Mathematics, Mechanics, and Materials Unit, Okinawa Institute of Science and Technology Graduate University, Onna, Okinawa 904-0495, Japan
Proc Natl Acad Sci U S A. 2019 Jan 2;116(1):90-95. doi: 10.1073/pnas.1809796115. Epub 2018 Dec 19.

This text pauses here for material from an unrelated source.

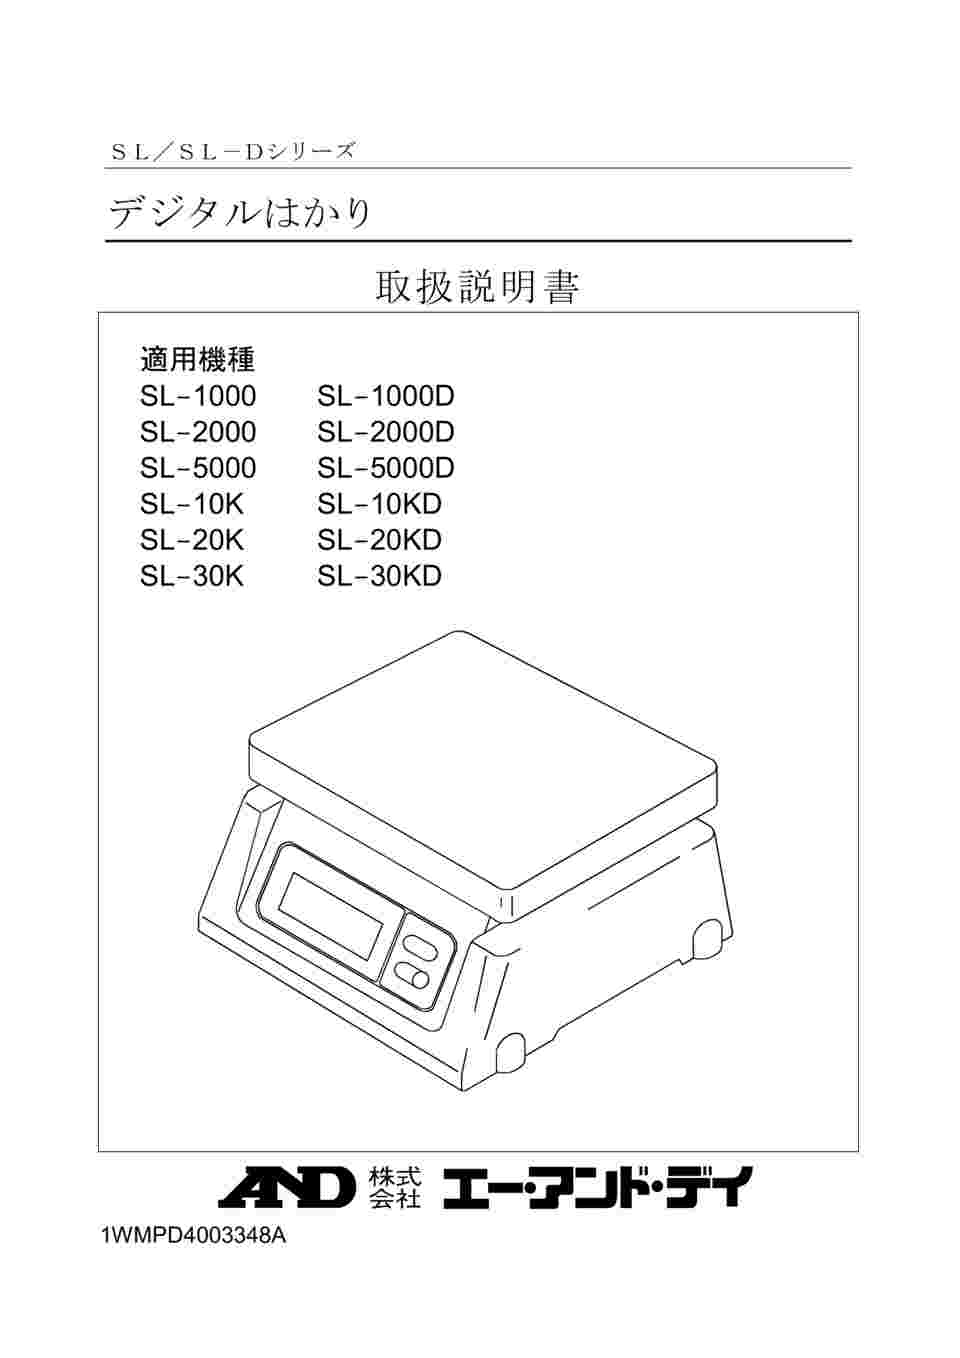 AD デジタル両面表示はかり SL-5000D ひょう量:5000g 最小表示:2g  皿寸法:230(W)*190(D)mm 検定無 価格比較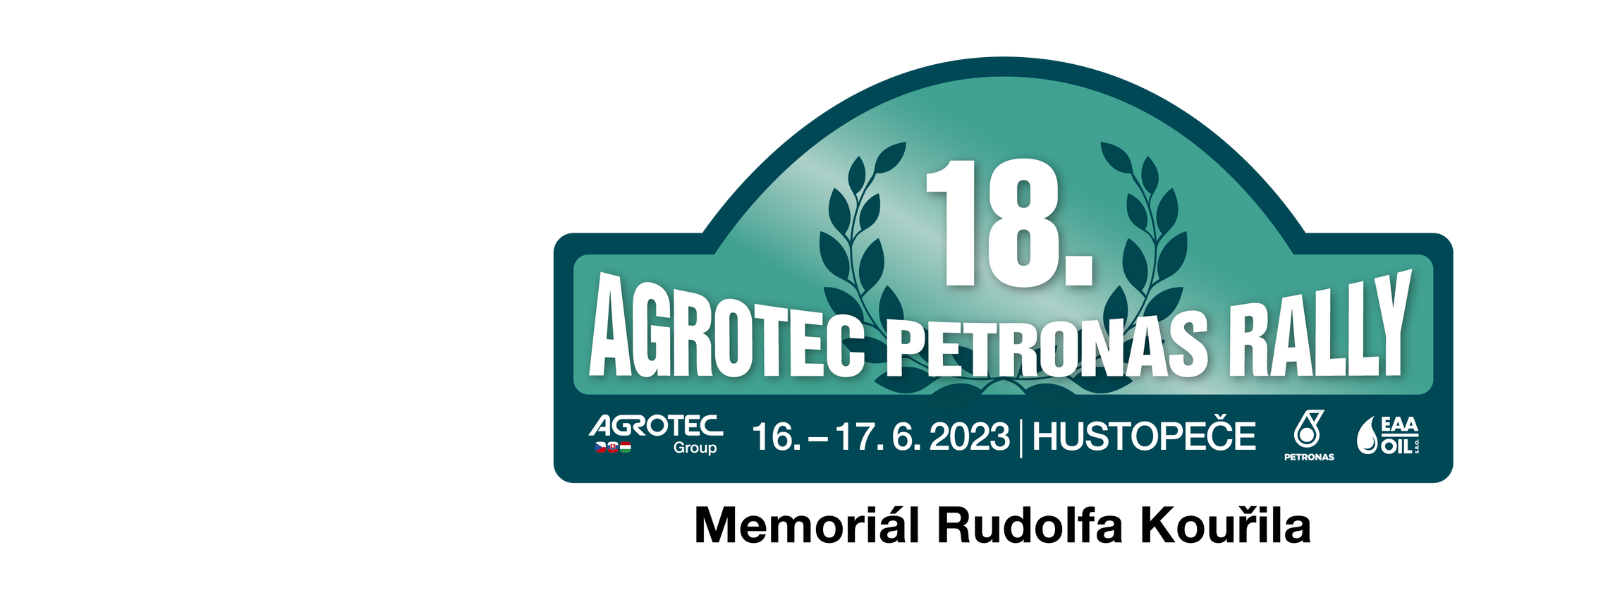 AGROTEC PETRONAS Rally 2023 startuje, bude to jízda!

Linkages are assemblies of rigid bodies connected through joints. They serve as the basis for force- and movement-managing devices ranging from ordinary pliers to high-precision robotic arms. Aside from planar mechanisms, like the well-known four-bar linkage, only a few linkages with a single internal degree of freedom-meaning that they can change shape in only one way and may thus be easily controlled-have been known to date. Here, we present "Möbius kaleidocycles," a previously undiscovered class of single-internal degree of freedom ring linkages containing nontrivial examples of spatially underconstrained mechanisms. A Möbius kaleidocycle is made from seven or more identical links joined by revolute hinges. These links dictate a specific twist angle between neighboring hinges, and the hinge orientations induce a nonorientable topology equivalent to the topology of a [Formula: see text]-twist Möbius band. Apart from having many technological applications, including perhaps the design of organic ring molecules with peculiar electronic properties, Möbius kaleidocycles raise fundamental questions about geometry, topology, and the limitations of mobility for closed loop linkages.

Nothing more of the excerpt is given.